Helping smallholders become financially secure through mobile-powered tools

Ensibuuko
David Opio works with one of the smallholder farmers who use his mobile phone-based service to handle savings and access loans in Uganda. Photograph: David Opio

David Opio grew up in a farming community in rural Uganda. He was raised by his mother who, similarly to 80% of adults in the country, was a smallholder farmer. They often struggled to make ends meet, producing just enough food for their own table.

“As a young boy, I watched helplessly as an exploitative middleman took the biggest share of my mother’s hard-earned farm income,” he said.

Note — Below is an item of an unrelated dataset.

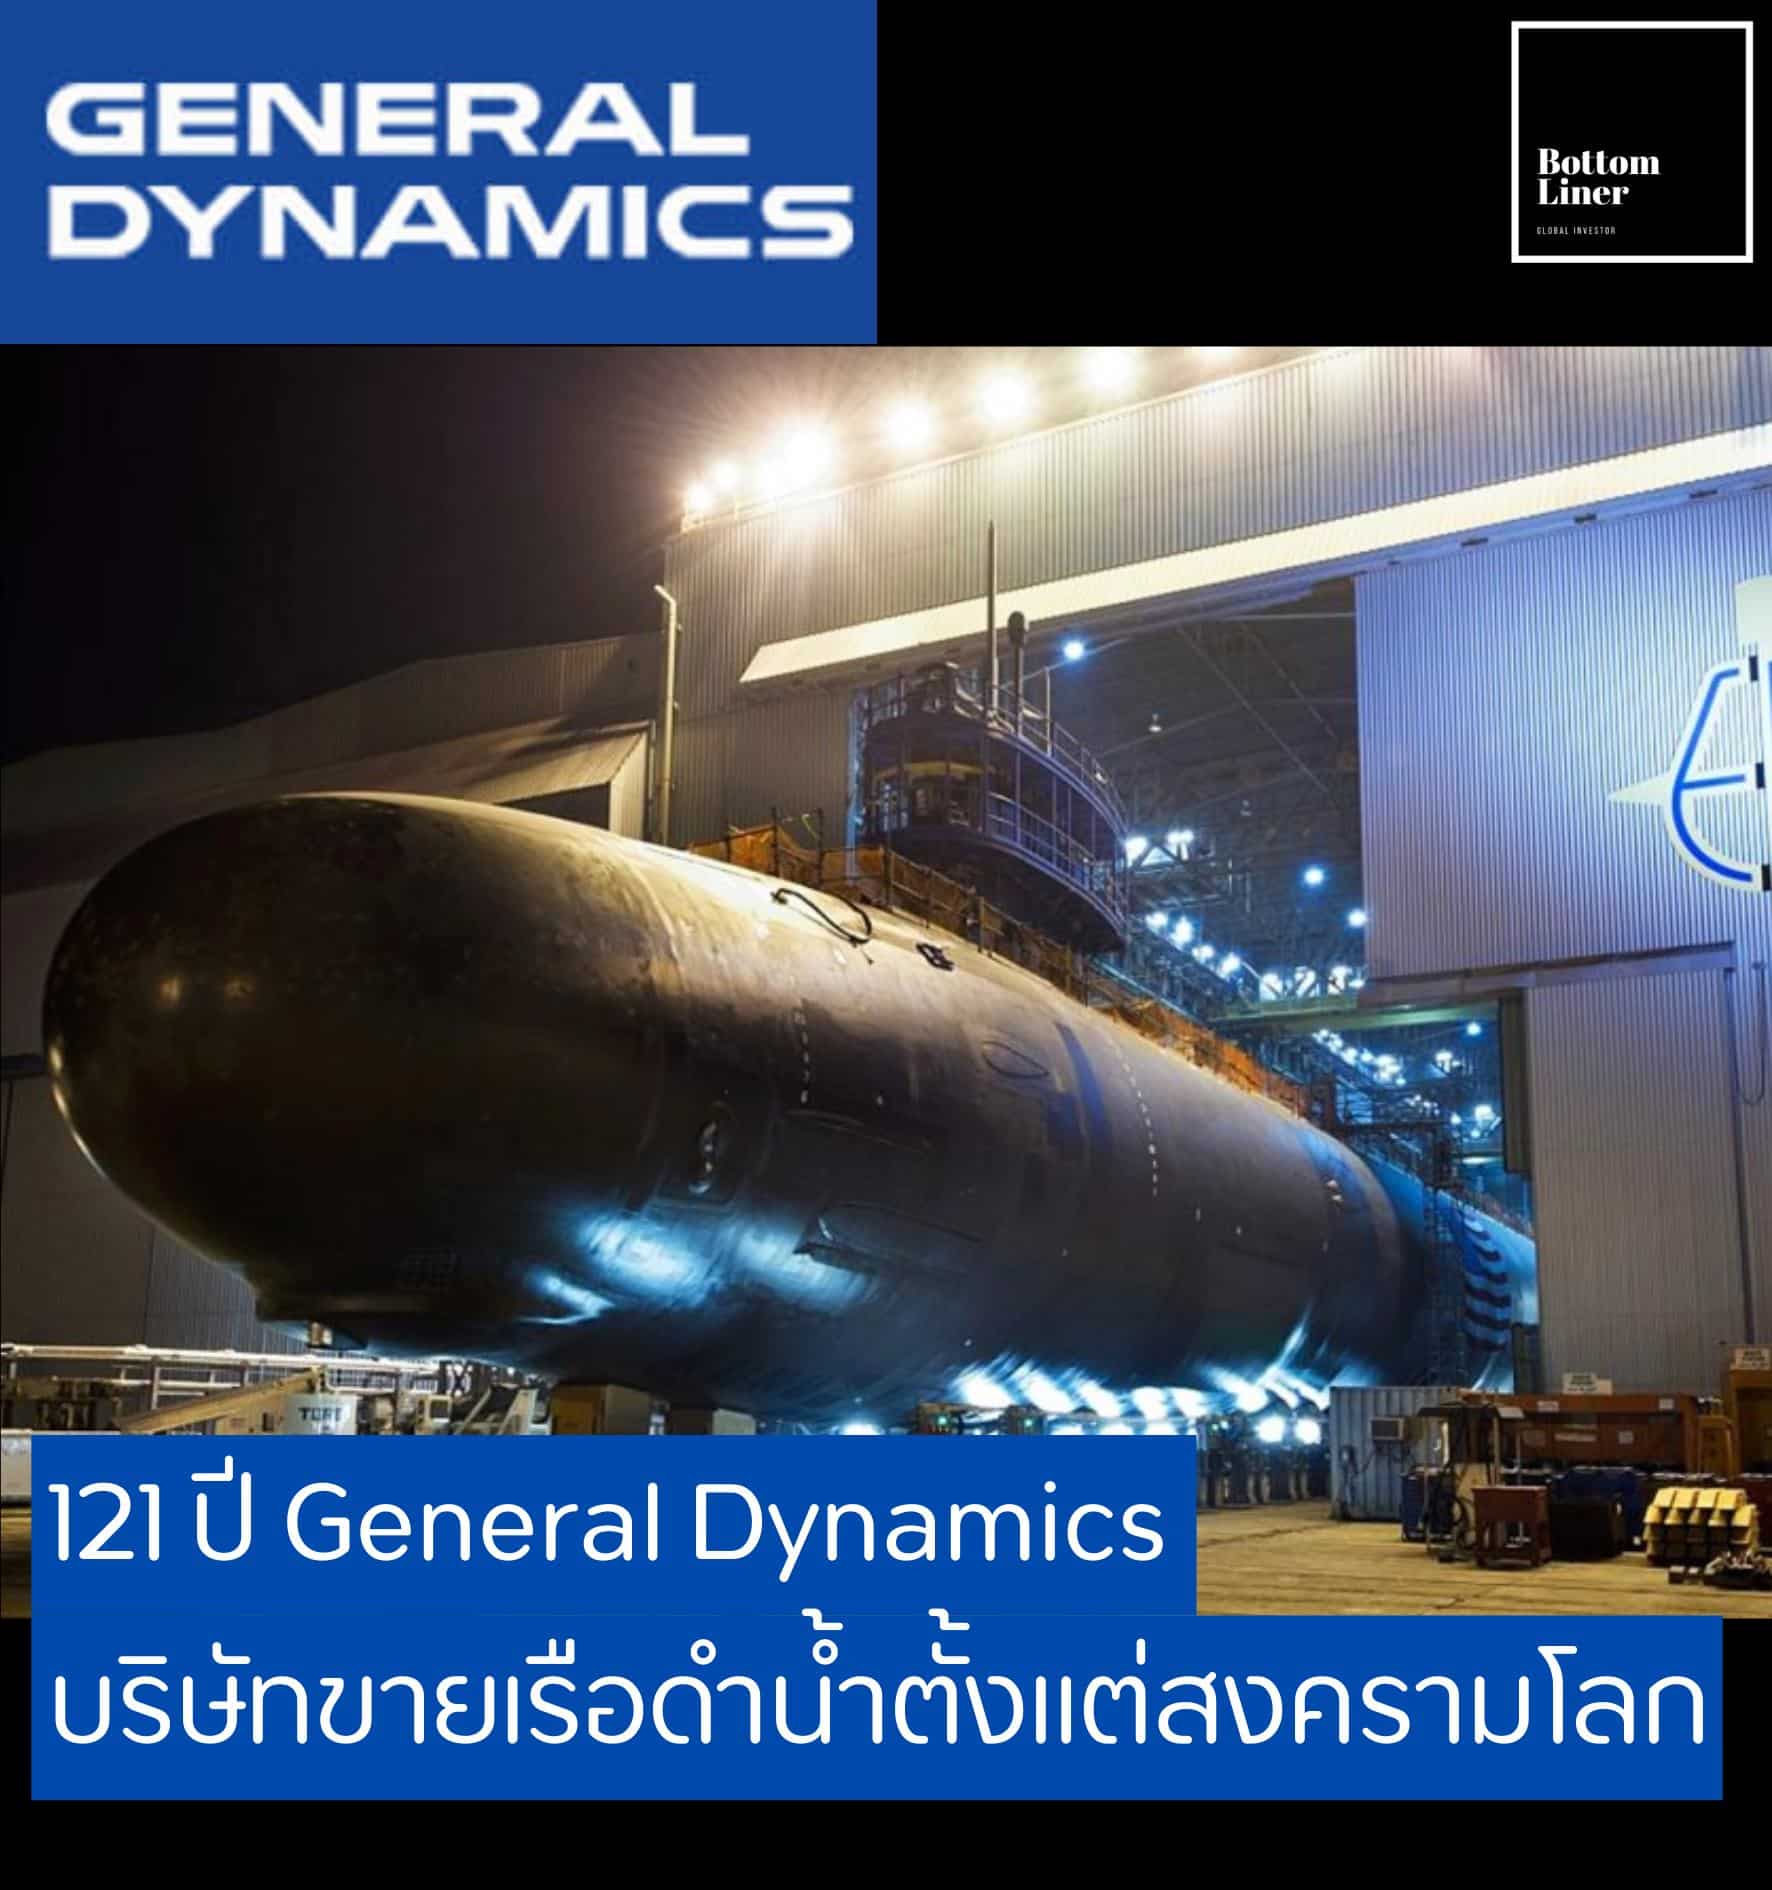 General Dynamics บริษัทขายเรือดำน้ำตั้งแต่สงครามโลก

Opio, now 27, is the founder of Ensibuuko, a social enterprise that is not only introducing farmers to reliable buyers – cutting out the middle man – but also addressing one of the biggest challenges faced by smallholder farmers, access to finance.

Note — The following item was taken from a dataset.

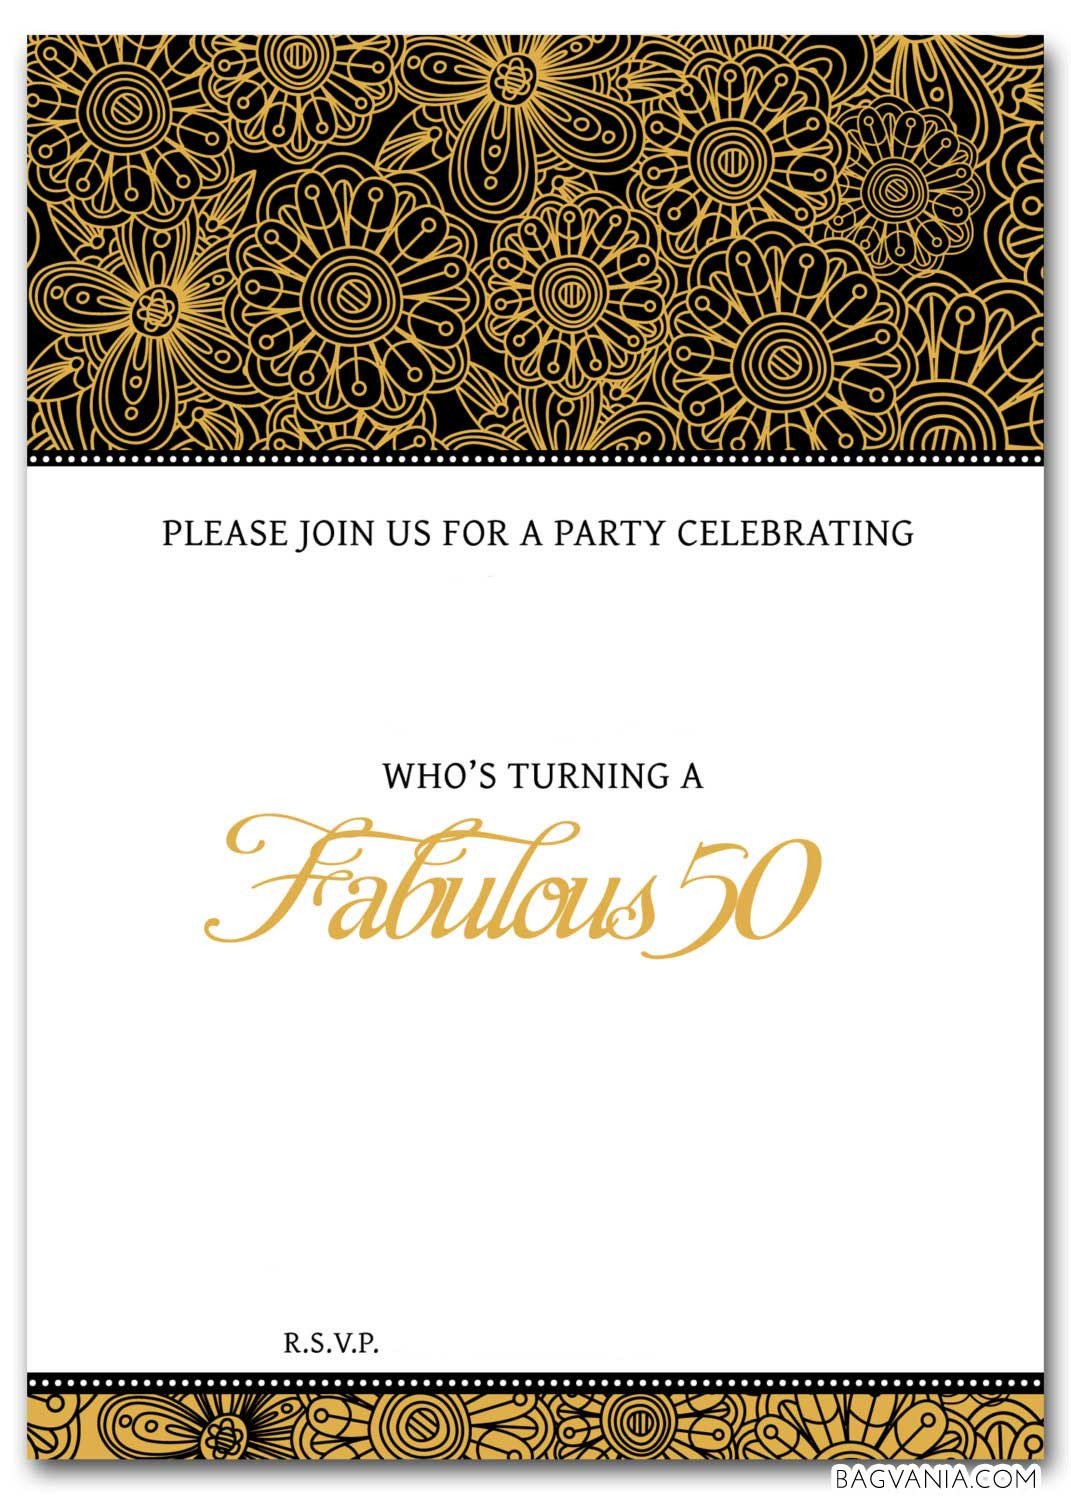 FREE 50th Birthday Party Invitations Wording – FREE

Ensibuuko flagship technology offers MOBIS (Mobile Banking and Information System), which puts SMS and mobile money services into the hands of Uganda’s farmers.

This helps them handle savings, apply for loans and so put unused land into productive use.

David Opio.
David Opio. Photograph: David Opio

“The process is very simple. The farmer dials onto a USSD (Unstructured Supplementary Service Data) code to access a menu, asks to borrow or deposit savings, enters the required amount, and hits send,” said Opio. “It is very user-friendly and customised to local languages. They even receive SMS notifications of all their transactions and can view their account records on a single dial.”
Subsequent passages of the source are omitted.